In addition to great hiking, the slopes of Mombacho offer some spectacular canopy runs. Canopy Tours Mombacho (tel. 261/8888-2566) is located close to the reserve entrance. This 16-platform course is 1,700m (5,577 ft.) long, and many tour operators include it in their 1-day tour of the reserve. Here, you sweep over coffee plantations and tall trees before enjoying a drink on a viewing platform at the end of the ride. The company is not part of the park management, but they pick you up in the same area as the park truck; therefore, you have to enter the park. There is also a spectacular 17-platform canopy system at Hacienda Cutirre on the eastern face of the volcano. This is a little more hardcore and challenging, but no less exhilarating. The fact that it was designed by the inventor of the sport means you're in for a heart-stopping ride, including a vertical descent on a rappel line at the end. The site is difficult to access independently and best arranged with travel operators and canopy specialists Nahual Tours (tel. 505/8988-2461; www.nahualtours.com). A day trip costs C800.

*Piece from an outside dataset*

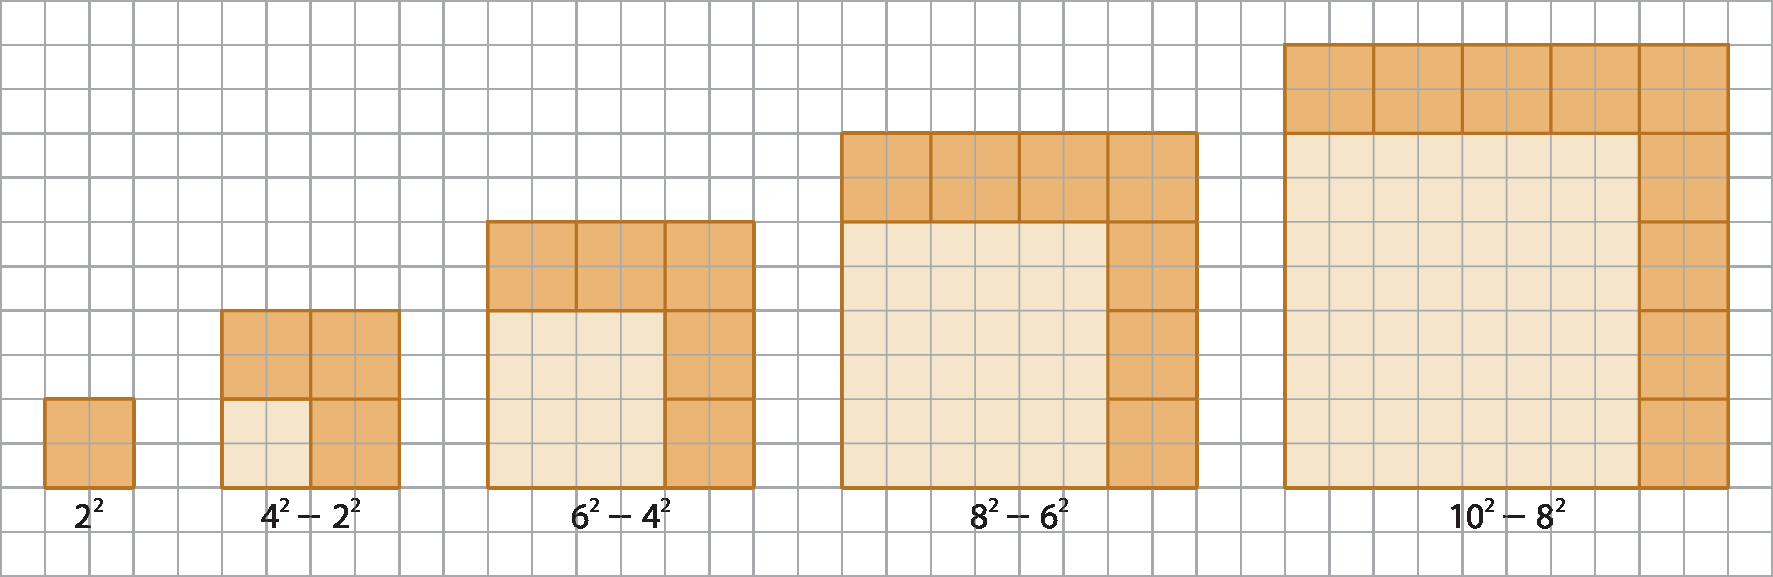 Ilustração. Malha quadriculada com cinco figuras de quadrados de cor laranja escuro contendo outros cinco quadrados de cor laranja claro.   Primeira figura: quadrado de cor laranja escuro, de lados 2 por 2, formado por 4 quadradinhos menores. Abaixo, legenda: 2 elevado a 2.  Segunda figura: quadrado de cor laranja escuro, de lados 4 por 4. Na base inferior esquerda interna ao quadrado, outro quadrado de cor laranja claro, de lados 2 por 2. Abaixo, legenda: 4 elevado a 2, menos 2 elevado a 2.  Terceira figura: quadrado de cor laranja escuro, de lados 6 por 6. Na base inferior esquerda interna ao quadrado, outro quadrado de cor laranja claro, de lados 4 por 4. Abaixo, legenda: 6 elevado a 2, menos 4 elevado a 2.  Quarta figura: quadrado de cor laranja escuro, de lados 8 por 8. Na base inferior esquerda interna ao quadrado, outro quadrado de cor laranja claro, de lados 6 por 6. Abaixo, legenda: 8 elevado a 2, menos 6 elevado a 2.  Quinta figura: quadrado de cor laranja escuro, de lados 10 por 10. Na base inferior esquerda interna ao quadrado, outro quadrado de cor laranja claro, de lados 8 por 8. Abaixo, legenda: 10 elevado a 2, menos 8 elevado a 2.
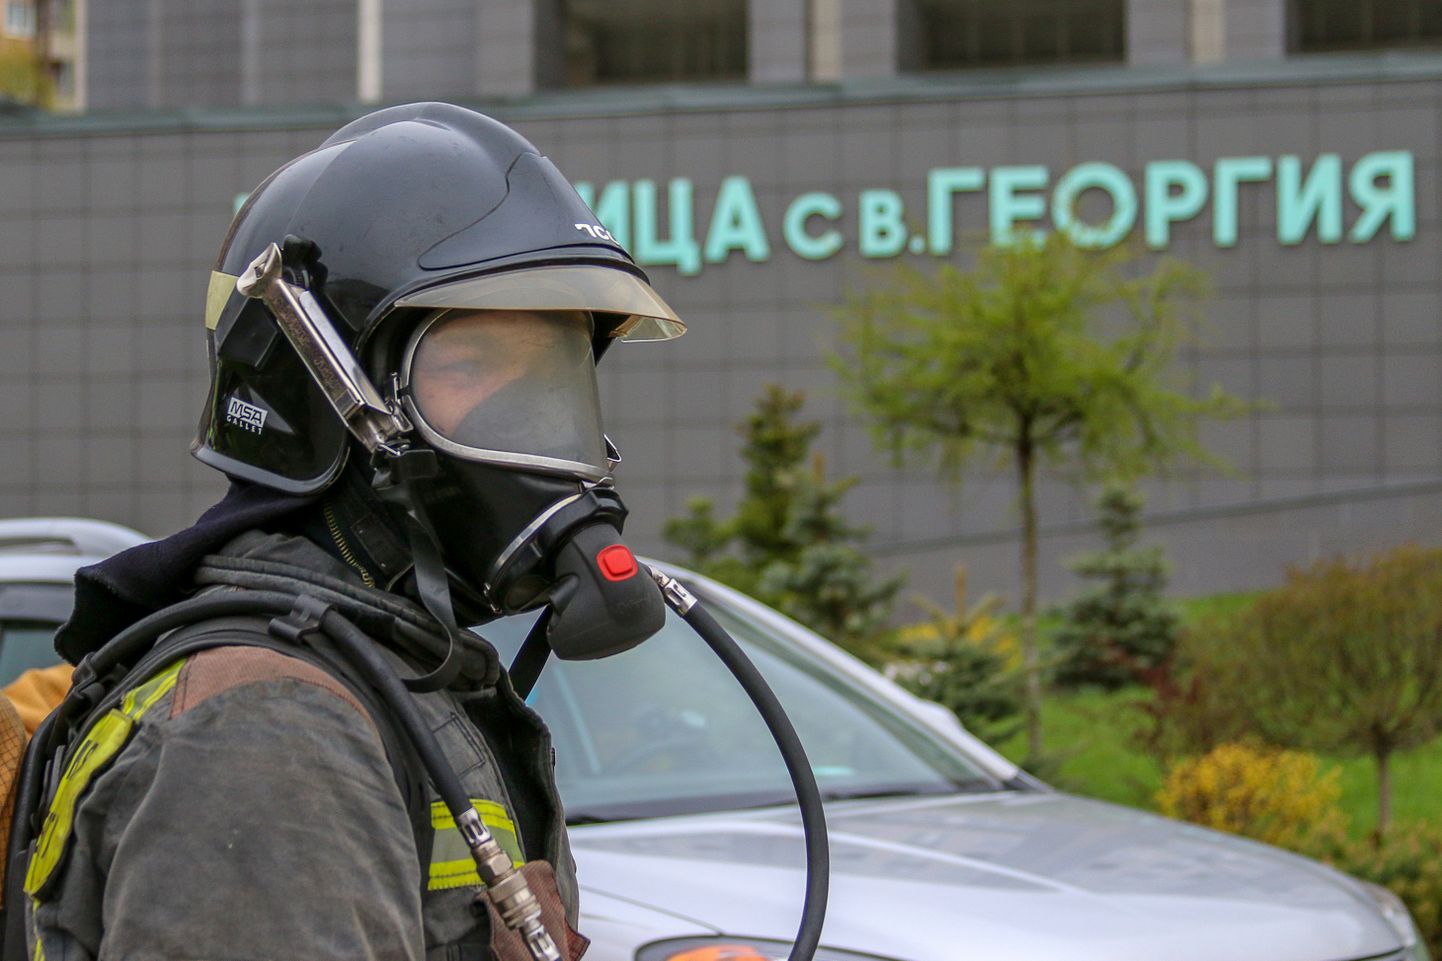 Tuletõrjuja Peterburi Püha Jüri haigla ees.

Reserva Silvestre Privada Domitila
Thirty-five kilometers (22 miles) south of Granada, on the lakeshore, there is a private reserve with one of the best examples of rare lowland tropical dry forest in the country. Wild cats and howler monkeys prowl this rustic property, and because it is so small, there is a good chance of catching sight of them. Also ready to pose for any amateur photographers are a vast array of birds, butterflies, and mammals. There is a basic lodge at hand, offering full board and accommodations for a somewhat pricey $65 per person, but it is worth it if you are a nature fanatic. The property can be explored on horseback, and the owners also organize sailing trips to the nearby Zapatera Archipelago, which is just offshore. Day-trippers are charged C110 admission, and it's an additional C220 to C330 for a guide to show you around. The foliage can get a little bare in the summer, so it is best to visit in the rainy season from November to January. The reserve can only be reached by 4WD, and the trip is best arranged with the reserve's agent Amigo Tours in the Hotel Colonial (tel. 261/2552-4080; www.amigotours.net), or contact the reserve owner María José Mejía directly at Casa Dr. Francisco Barbarena, in Granada (tel. 261/2552-4548; www.domitila.org).
Note: This information was accurate when it was published, but can change without notice. Please be sure to confirm all rates and details directly with the companies in question before planning your trip.